December 11th, 2024

Miywasin Moment: Listening key to community connection for Dowler

By JoLynn Parenteau on February 9, 2022.

Tiersa Dowler diverged from her family's oil and gas roots to grow a career in the field of social work.--PHOTO BY JOLYNN PARENTEAU

“When someone is speaking to you, they are sharing a piece of their life with you. Listen.”

— Blackfoot Elder Charlie Fox, Kainai Nation

Tiersa Dowler is a professionally good listener. As Medicine Hat Public Library’s social worker, she hears community members’ concerns in all genres, be it romance, true crime, or autobiography.

“Libraries are one of the last democratized places. Anybody can come in for any reason. It makes sense to have a social worker here because there’s a lot less stigma around accessing services where people aren’t aware of what services you’re there to access. You can be accessing a book, a bike, a sewing machine, movies, or a social worker,” explains Dowler.

Dowler, who turns 30 next month, took a winding road to arrive in the field of social work. She split her childhood between Medicine Hat and Burstall, Sask. before taking a gap year in the United Kingdom after high school graduation. Working abroad at a university instilled worldly perspective in Dowler. She returned to Canada to pursue a unique area of study for most Albertans: Primatology, at the University of Calgary.

“I love big apes, but I was so homesick, my mental health declined. How could I study in the lowlands?” she reasoned. “I came home (to Medicine Hat) and switched into the social work diploma program. It’s just different apes.”

Lightheartedness aside, Dowler’s human studies have led her to better understand her own People.

“I had access to ancestry.com through my job and looked through government archives. I love research. Nobody in my family had access to that information because when my (maternal) grandpa was growing up, his dad didn’t acknowledge his heritage,” says Dowler.

Her maternal lineage has Métis roots beginning at the Red River, but her family tree dates back to the 1700s with newly discovered First Nations ancestors named Striped Earth Woman and Theresa Kills In The Lodge, each previously only known as ‘Native Woman’ on ancestry records.
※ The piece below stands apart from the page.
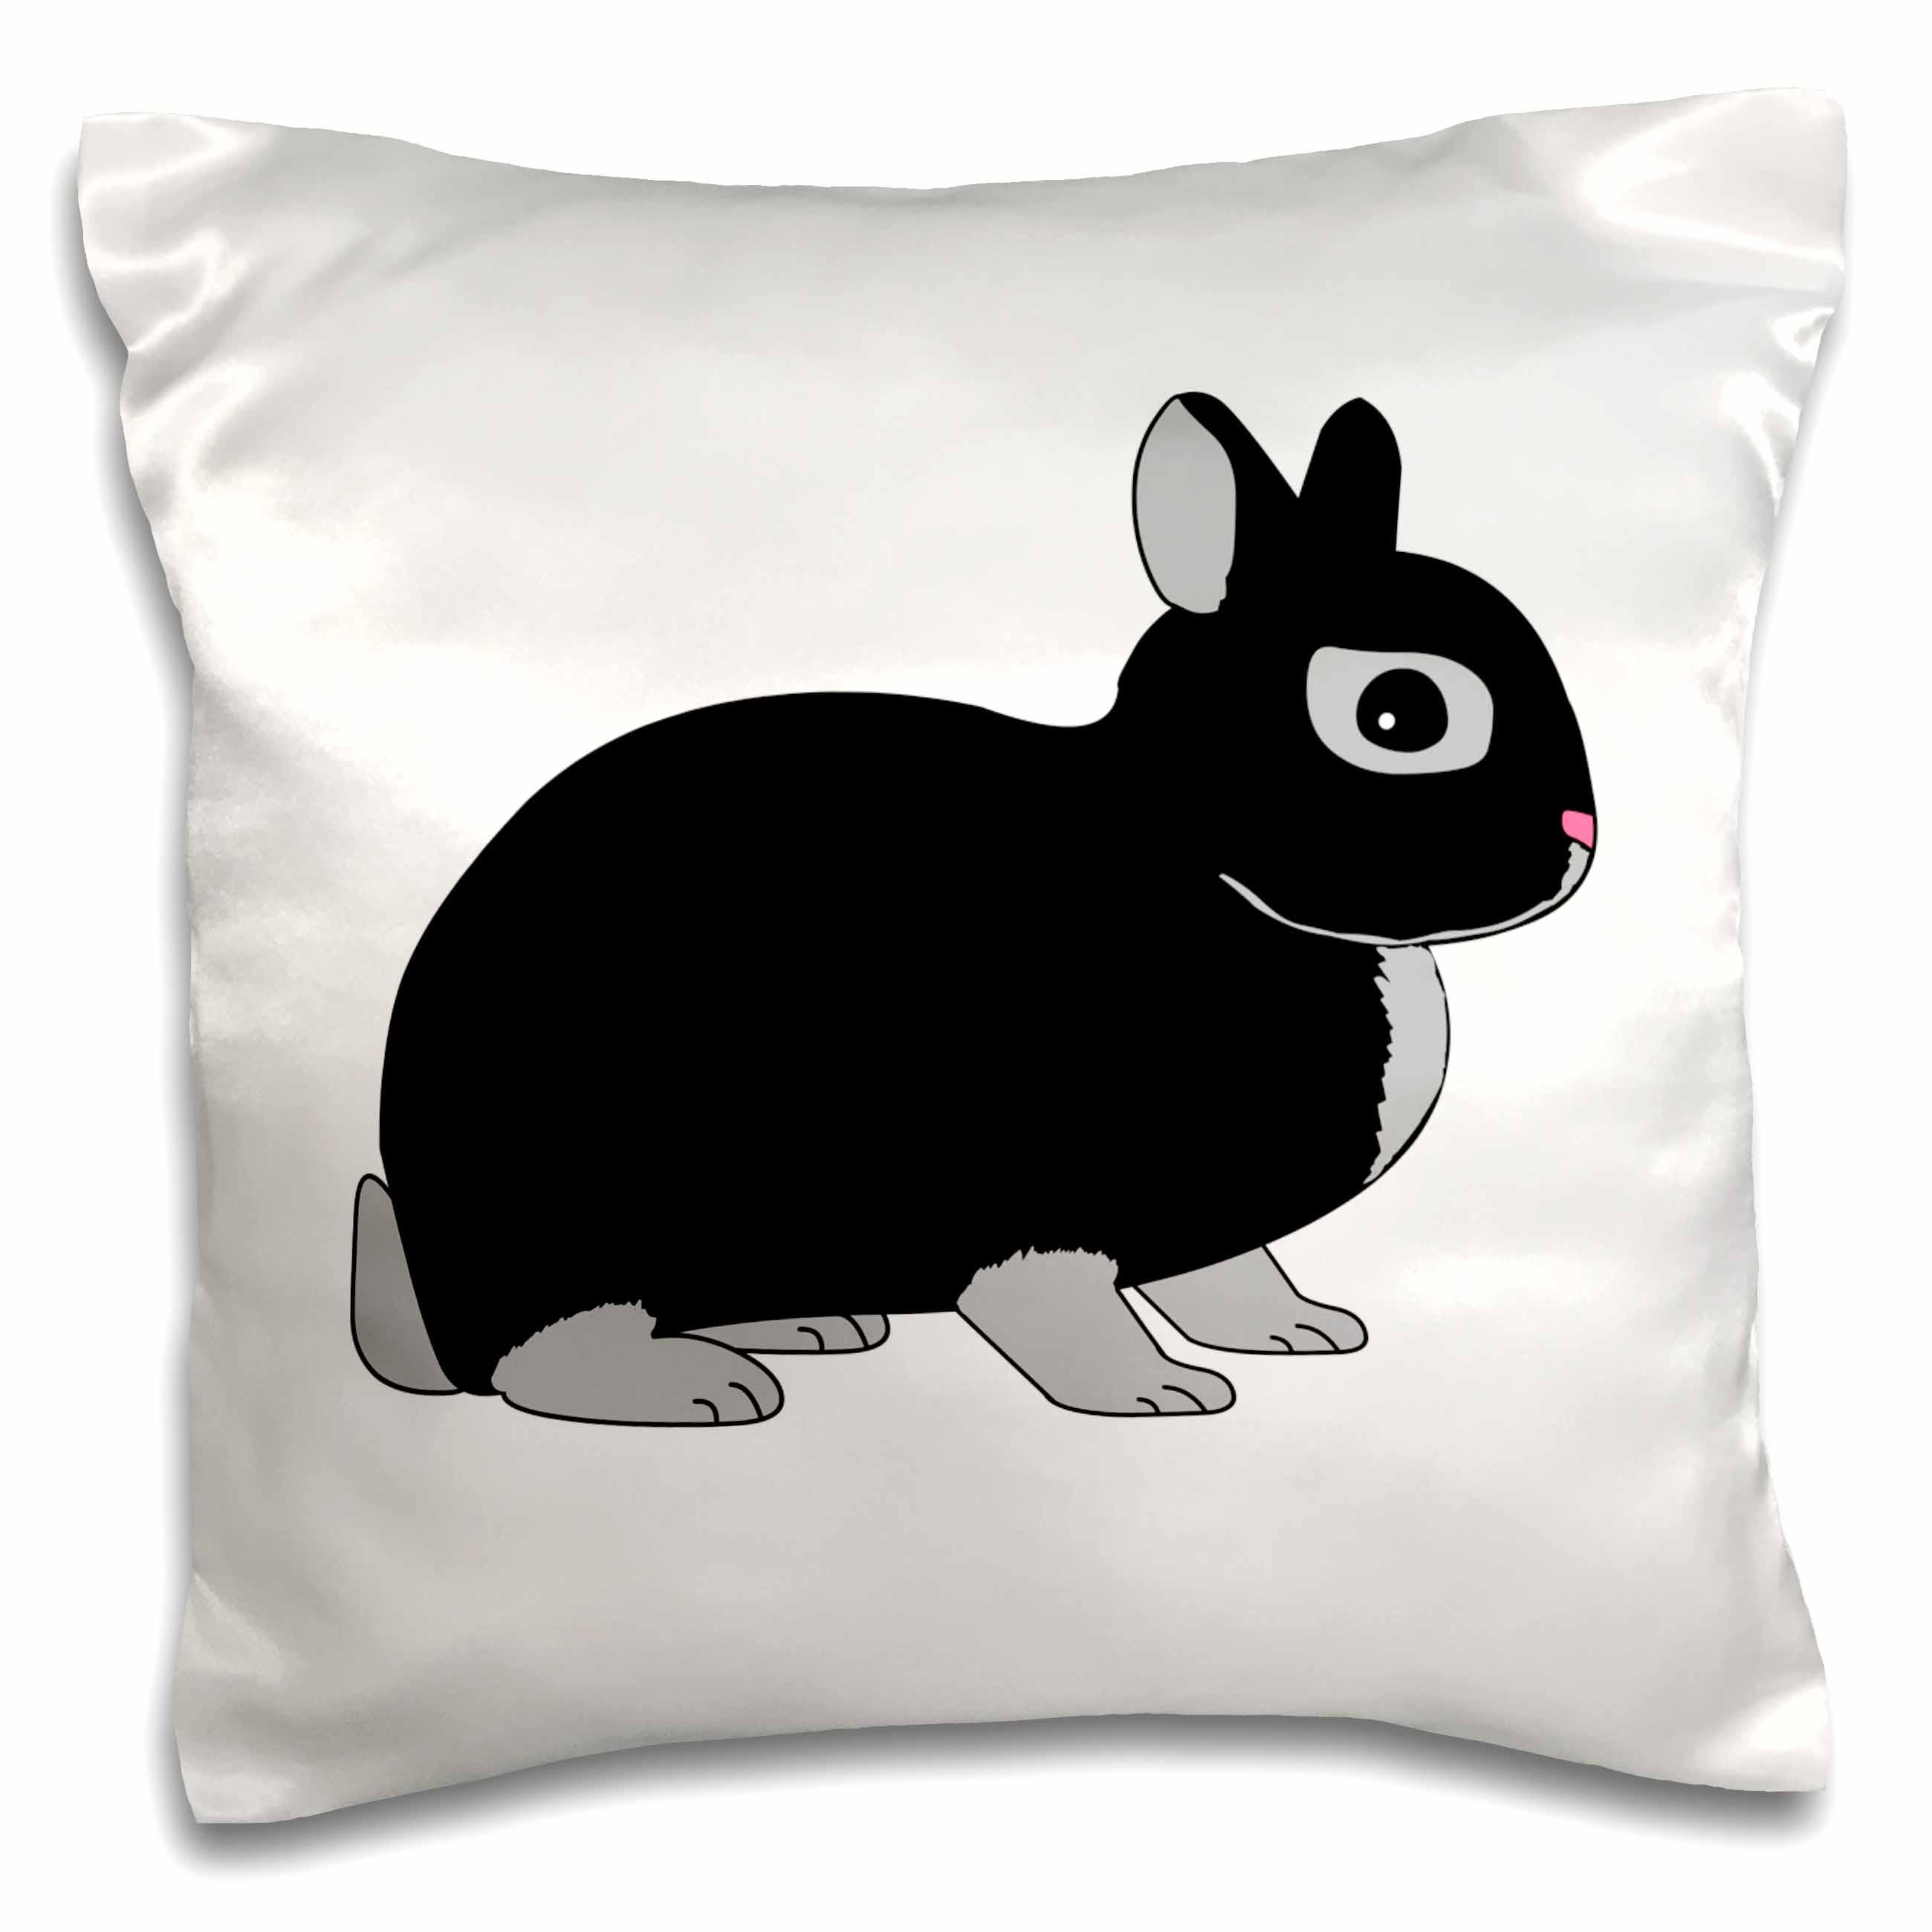 3dRose Netherland Dwarf Rabbit Silver Marten Design, Pillow Case, 16 by 16-inch

“Libraries have historically been a tool of colonization,” explains Dowler. “It’s time to put that aside. We need to introduce Indigenous ways of knowing, to provide space for those voices to be heard because they are important and they are just as valuable as the books in the library.”

It wasn’t until the 1980s when Dowler’s family began to lean into their Indigenous identity. Dowler recalls her grandparents holding pipe ceremonies in their backyard with guests from Miywasin Friendship Centre in attendance.

“It was beautiful, the connection and the laughter,” she says of those experiences.

Like her Métis ancestors, Dowler understands how to adapt to survive. As a child with 95% hearing loss, she overcame severe disability with the help of implants and years of speech therapy. Now as an adult, Dowler has made a career of listening to others, but if she hadn’t become a social worker, she’d prefer to find work in the trades. On a missions trip to Mexico as a teenager, Dowler was offered the opportunity to try her hand as an electrician’s apprentice.

“We did the electrical work on a two-room schoolhouse. It was super simple but so fun,” recalls Dowler. “I grew up on Third Street with parents who renovated constantly. Now I’ve just continued on doing those things with home DIY projects on weekends.”

For now, Dowler focuses on rewiring perceptions of accessing social services.

“There are so many people out there who are willing to be helpful to you. Find them, make that connection. If you’re struggling, find someone who speaks to that,” implores Dowler. “We are serving humans, not just a problem. It’s about harm reduction, it is person-centred, it is strengths-based because we’re having conversations, getting to know people in our community who are building a community within the library. The connections I make are amazing, and they sit with me forever.”

Dowler invites anyone to the library to come sit with her to talk. Currently pursuing her bachelor of social work, she isn’t much help with a book recommendation.

“I only read textbooks!” she laughs. But she’s free to listen.